4. Adjusting or negotiating a relationship with criminal organizations.

Whoever is declared president-elect of the next Mexican government will have to outline in practical terms how they will tackle crime. During the campaign, the four candidates fumbled around the subject; however, the chosen strategy will inevitably fall into the category of the described options.

The report states forcefully that, from the U.S.’ point of view, continuing and improving the collaboration established during the Calderón administration (options 1 and 2) will be the most desirable route. Option 3 would mean that Mexico must do its part to integrate the social effort by reinforcing a culture in favor of the rule of law.

If the government chooses the fourth option, the center says while baring its teeth that, “the U.S. will be forced to consider restricting any form or function of cooperation including information and intelligence.”* They regret to point out that this decision would nullify the increased collaboration of many years.
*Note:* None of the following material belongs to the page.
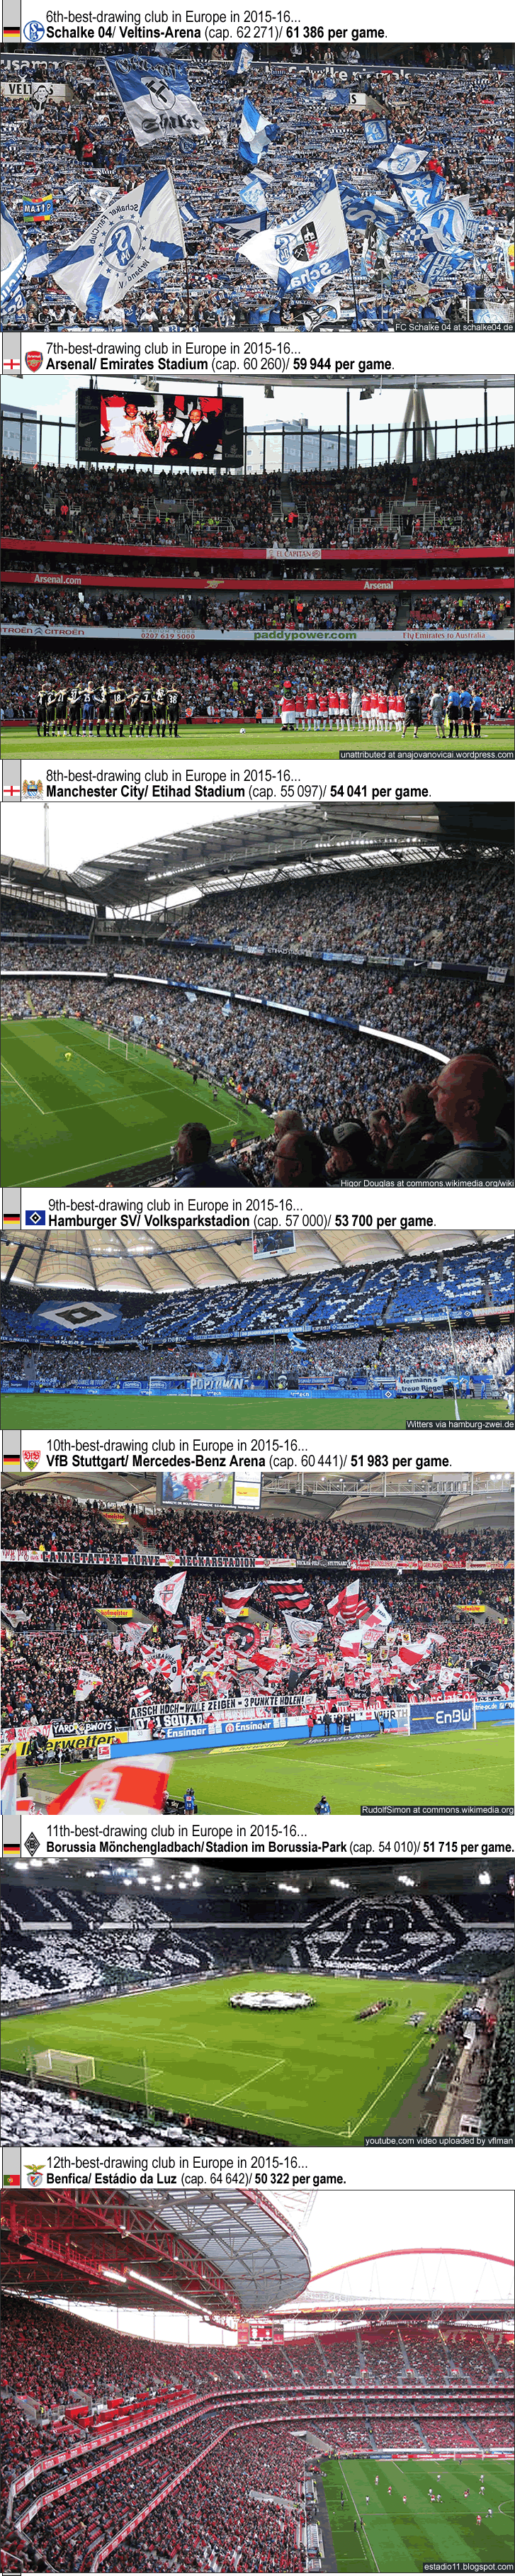 uefa-2016-crowds_stadiums_top-11_6th-to-11_schalke04_arsenal_manchester-city_hamburger-sv_stuttgart_monchengladbach_benfica_e_.gif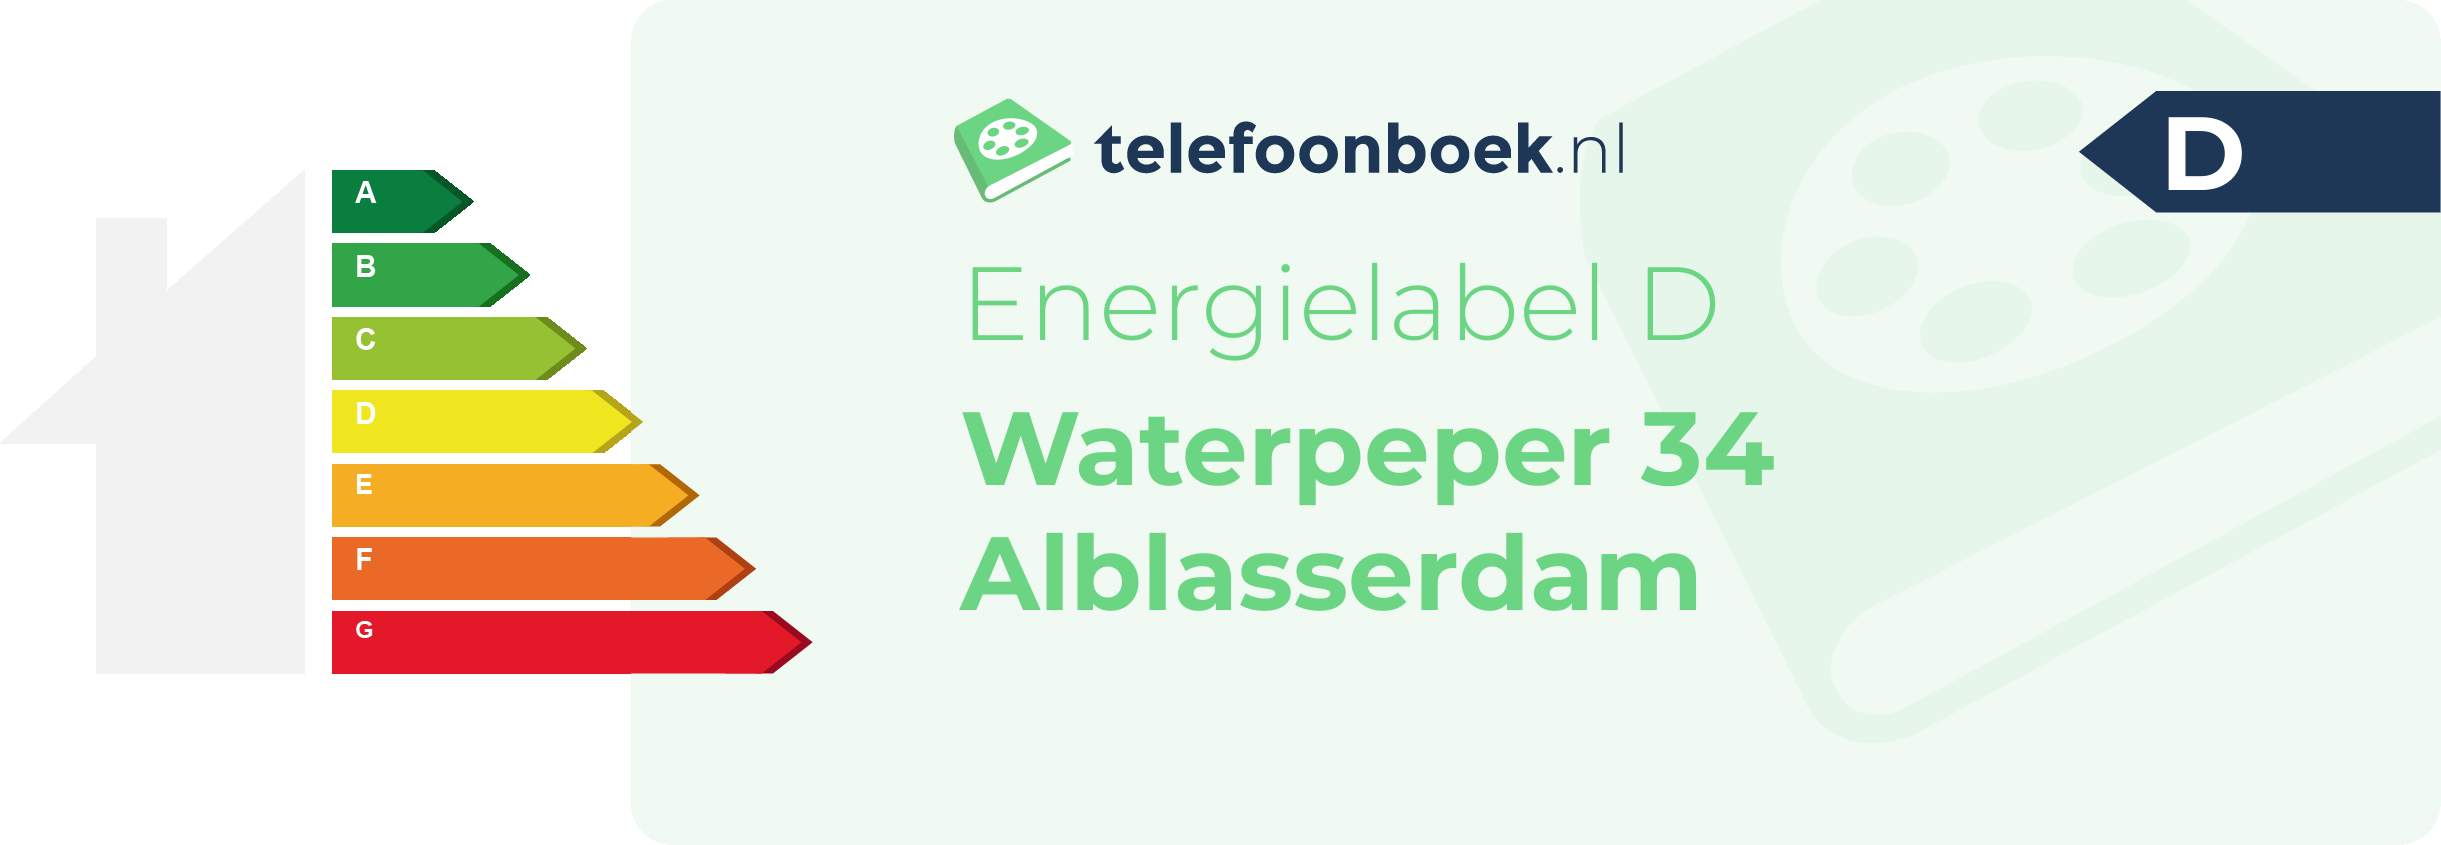 Energielabel Waterpeper 34 Alblasserdam

The analysts conclude that the improvement in the defense forces in both countries in recent years has been an indicator of the commitments that both nations have made to combat crime. They think that those who oppose this collaboration strategy in Mexico do not help their country to resolve the problem – although in many aspects, this criticism may be correct. Reaching an American strategy that demonstrates real support for Mexico is also difficult due to the need to reach a consensus between the internal stakeholders that do not believe that Mexico’s challenges affect the United States. Thus, they state that the plurality of opinions in both nations results in the weakening of the efforts to reach an effective support.

In July 2011, the researchers concluded by assuring the United States that it still has the chance to influence the conditions in which Mexico will make its next strategic decision, and that the time has arrived to show that the United States’ promises in this fight match the interests of the Mexicans.

The state department’s second in command, Bill Burns, visited our country at the end of July and was interviewed by high authorities. He used the same arguments in his public comments. Our government stayed silent. Without revealing any deep secrets in his speech or in the report, it is useful to observe in which level and from which perspective we are being carefully watched. And what about our strategies? U.S. study centers carry out studies on national security in which the constant factor is the situation of Mexico, due to the possible threats that this poses for their nation.

*The following quote, while translated correctly, could not be verified in English.